With open spirit and heart, this Ethiopian court official crosses barriers of class and wealth and privilege (the privilege not only of the Ethiopian’s secular power, but of Philip’s religious status as a whole and holy man of Israel), to know God and to make God known.

Years ago, the congregation I attended in Chicago began to open up the parish hall to people waiting to be fed at the food pantry. It started with shelter from the freezing weather, and moved on to hot drinks, to fellowship, to shared meals and service together.
I remember my first night volunteering in the open house, knowing we needed to make people welcome, but tied up in knots of anxiety about simply starting a conversation.
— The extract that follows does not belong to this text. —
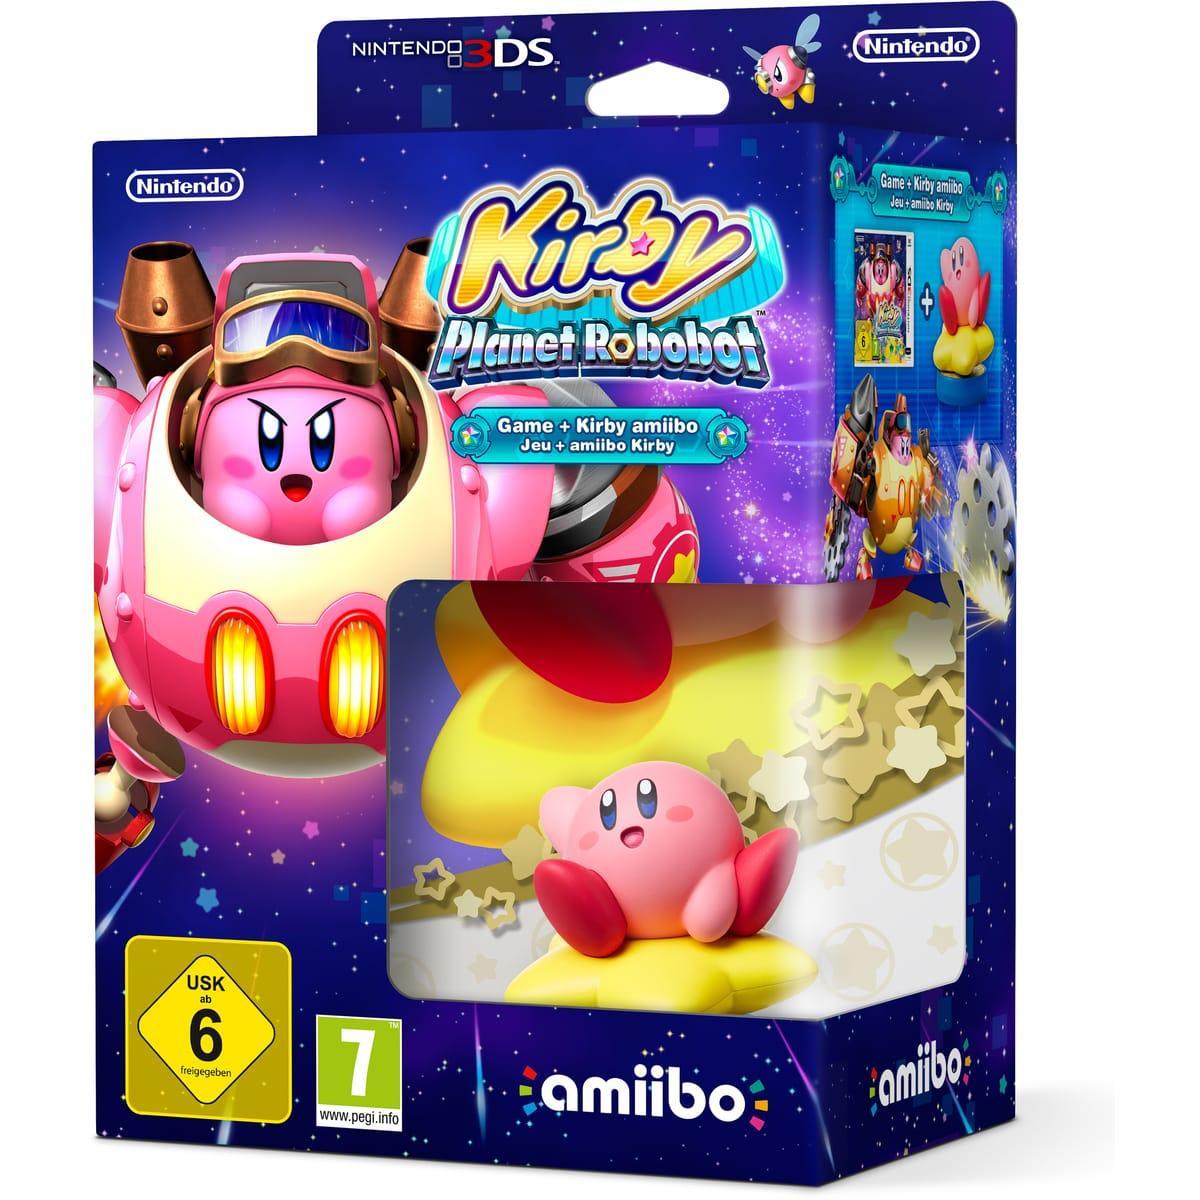 [Précommande] Kirby Planet Robobot sur 3DS + Amibo Kirby + Notebook offert

And then one of the men – a man I would have unconsciously avoided on the street; a man whose appearance represented almost everything I feared though I wouldn’t have admitted it: hunger, poverty, exclusion, misfortune – one man greeted me warmly and invited me to sit down at his table.

I “belonged” in that church hall; I had authority of a sort, the privilege of race and economic security, the identity of a member of the congregation, and he – a stranger to that place – welcomed me, gracefully and generously, and made me at home in the Body of Christ that evening.

Abide in me, says Jesus, as I abide in you. Just as the branch cannot bear fruit by itself unless it abides in the vine, neither can you, unless you abide in me.

None of us bear fruit by our own birth, or privilege, or merit. None of us make converts, show God’s hospitality, increase the people of God (grow the church), or create life by ourselves, any more than either that eunuch from Ethopia or Philip the apostle bore fruit by themselves. But Jesus, abiding in us, as we abide in him, makes any of us fruitful, makes us bear much fruit, in spite of obstacles; sometimes, in spite of ourselves.

We can help, of course. Jesus invites us to help. Not by a flurry of effort to increase our productivity, but by abiding in him, placing our hearts and selves into Christ, not occasionally when we think of it, but constantly; always.

Abiding in Jesus takes practice, of course. The study of scripture helps us, as it helped that Ethiopian. Openness to the leading of the Spirit helps us, as it helped Philip on the Gaza road. Prayer never hurts. That’s how we practice abiding in Jesus.

And when we abide in Jesus, Jesus, abiding in us, crosses all the barriers of fear and privilege and even death, to bear much fruit, with us and in us, to the glory of God.